WHAT NEEDS TO BE DONE:
Would you please print exactly the lines that run from the one with "Skull of Africanus, a" to the last line of the data, both included, without any pictures?

PROVIDED DATA:
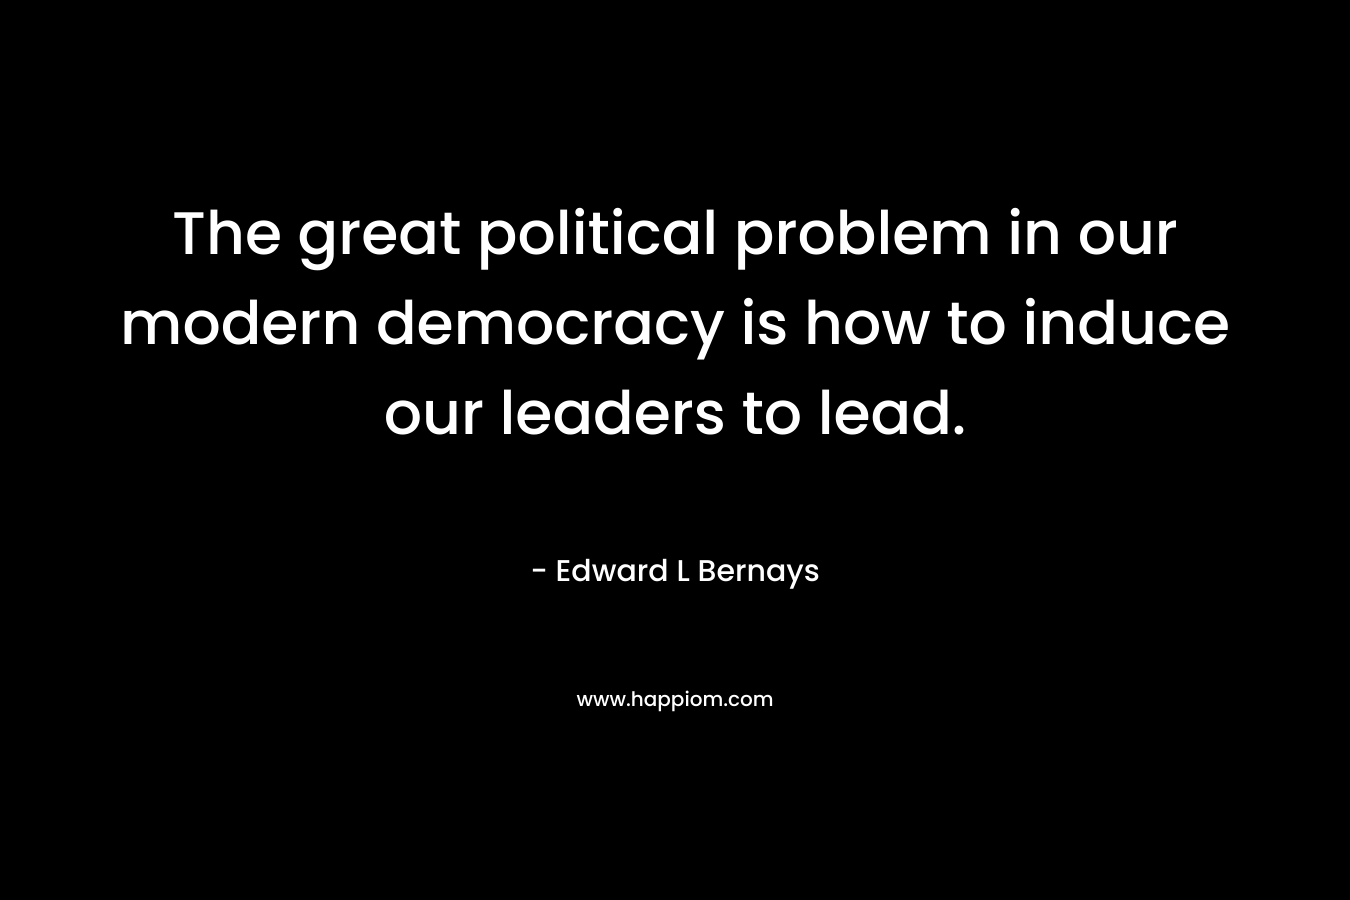 The great political problem in our modern democracy is how to induce our leaders to lead. – Edward L Bernays
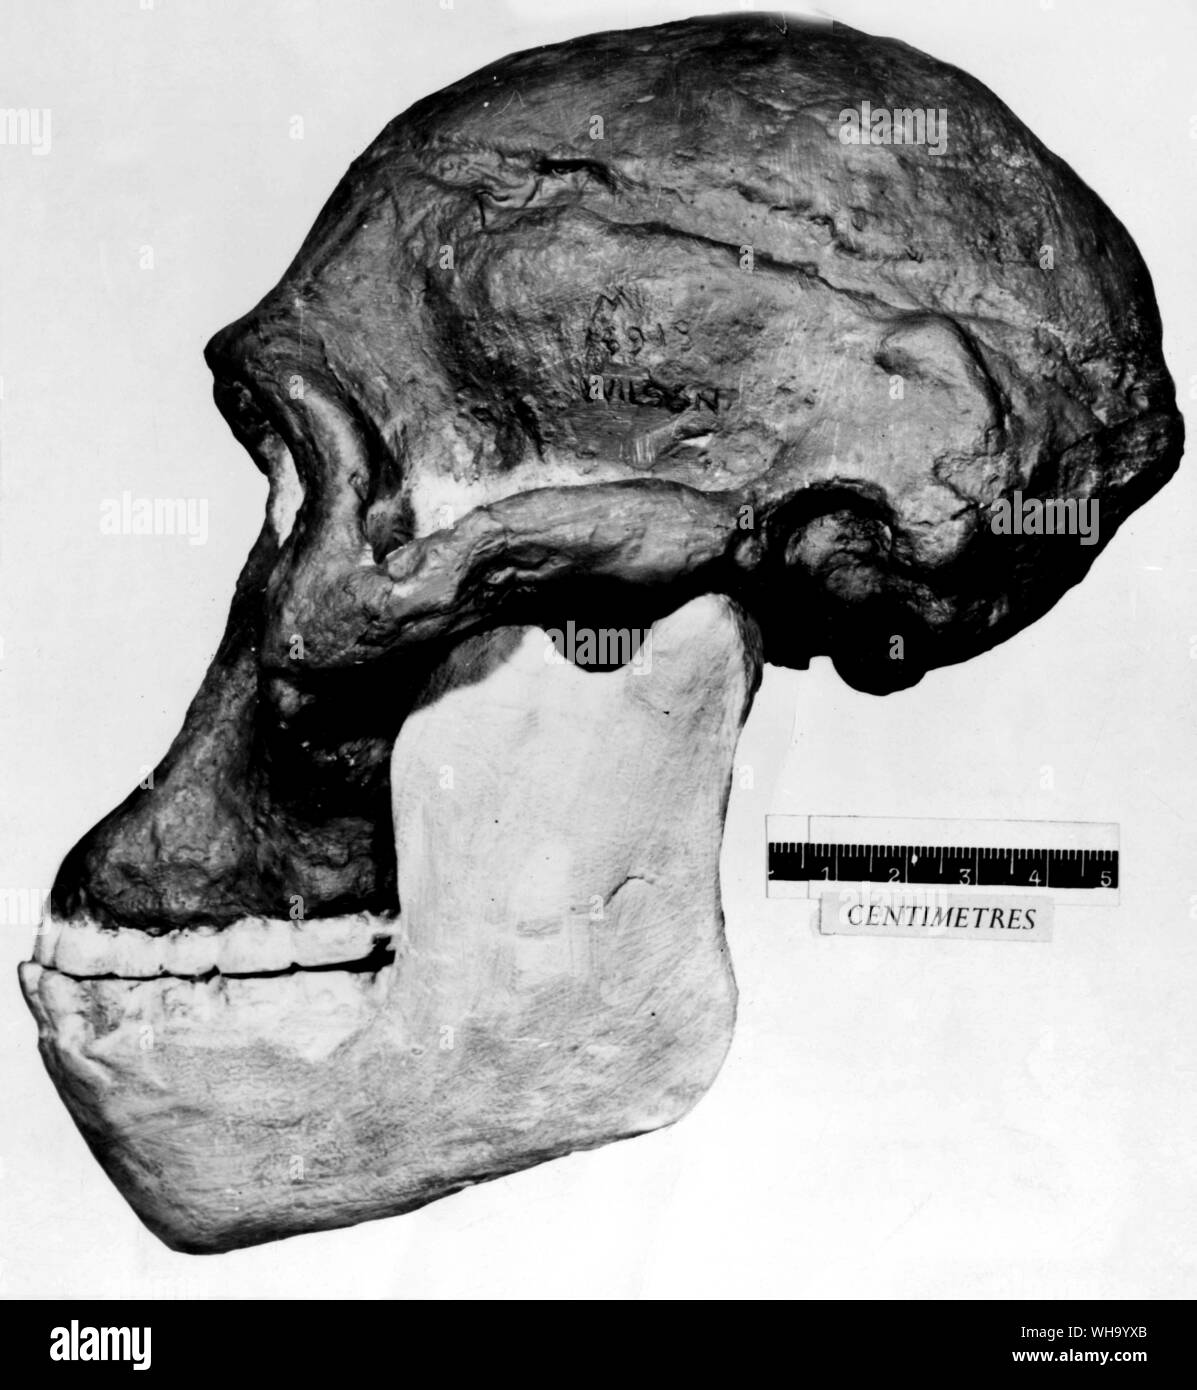 Skull of Africanus, a South African ape man. Stock Photo
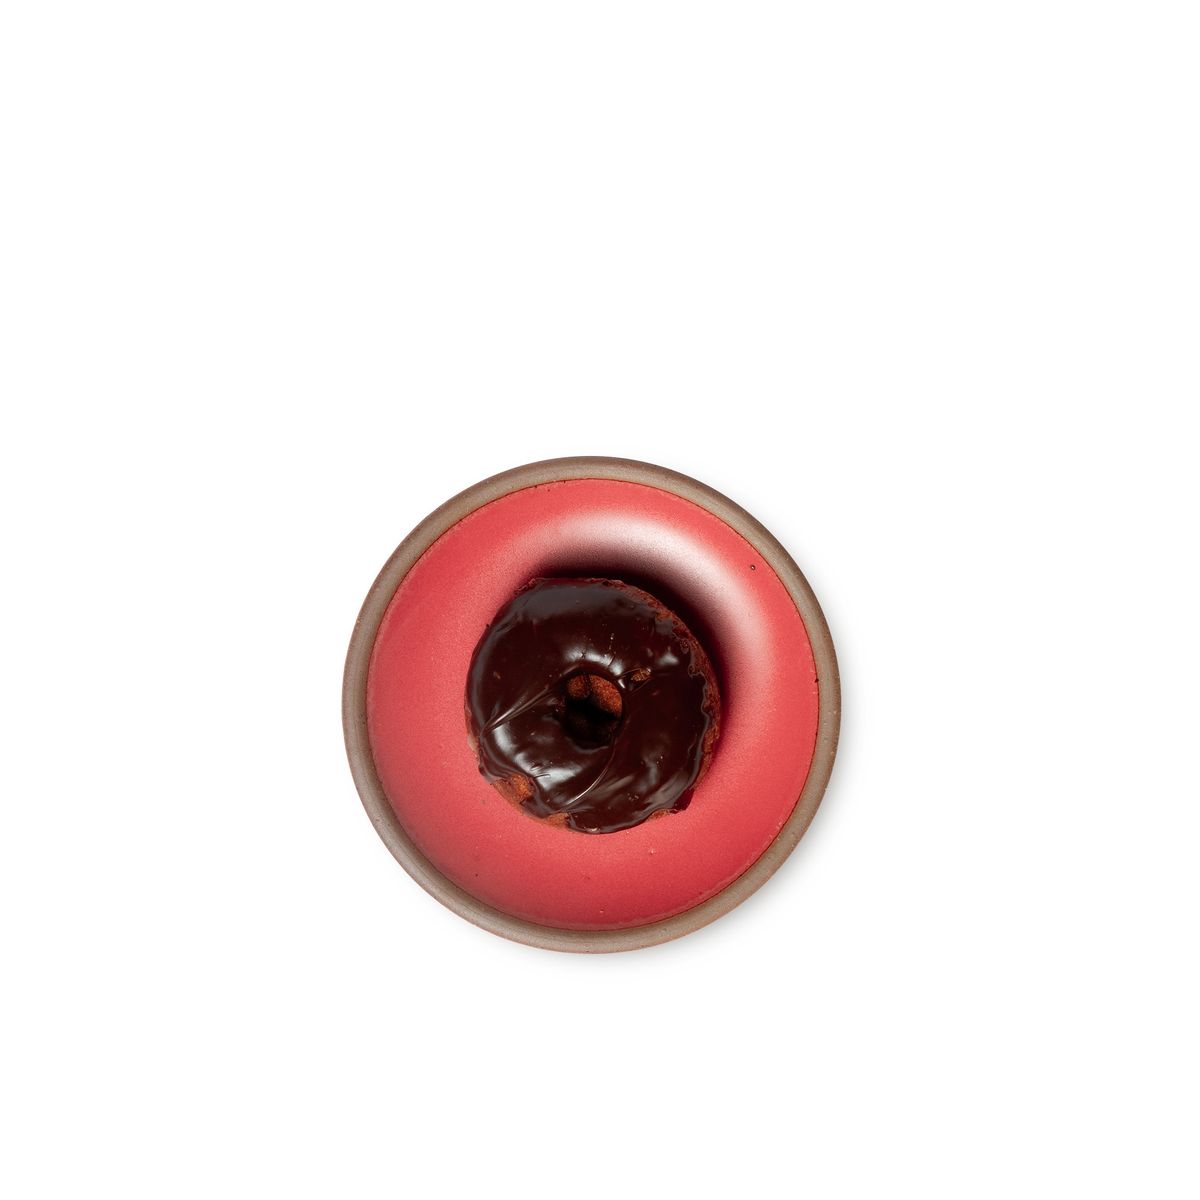 A chocolate donut sits on a dessert sized ceramic plate in a bold red color featuring iron speckles and an unglazed rim

RESPONSE BELOW:
 Skull of Africanus, a South African ape man. Stock Photo
 A chocolate donut sits on a dessert sized ceramic plate in a bold red color featuring iron speckles and an unglazed rim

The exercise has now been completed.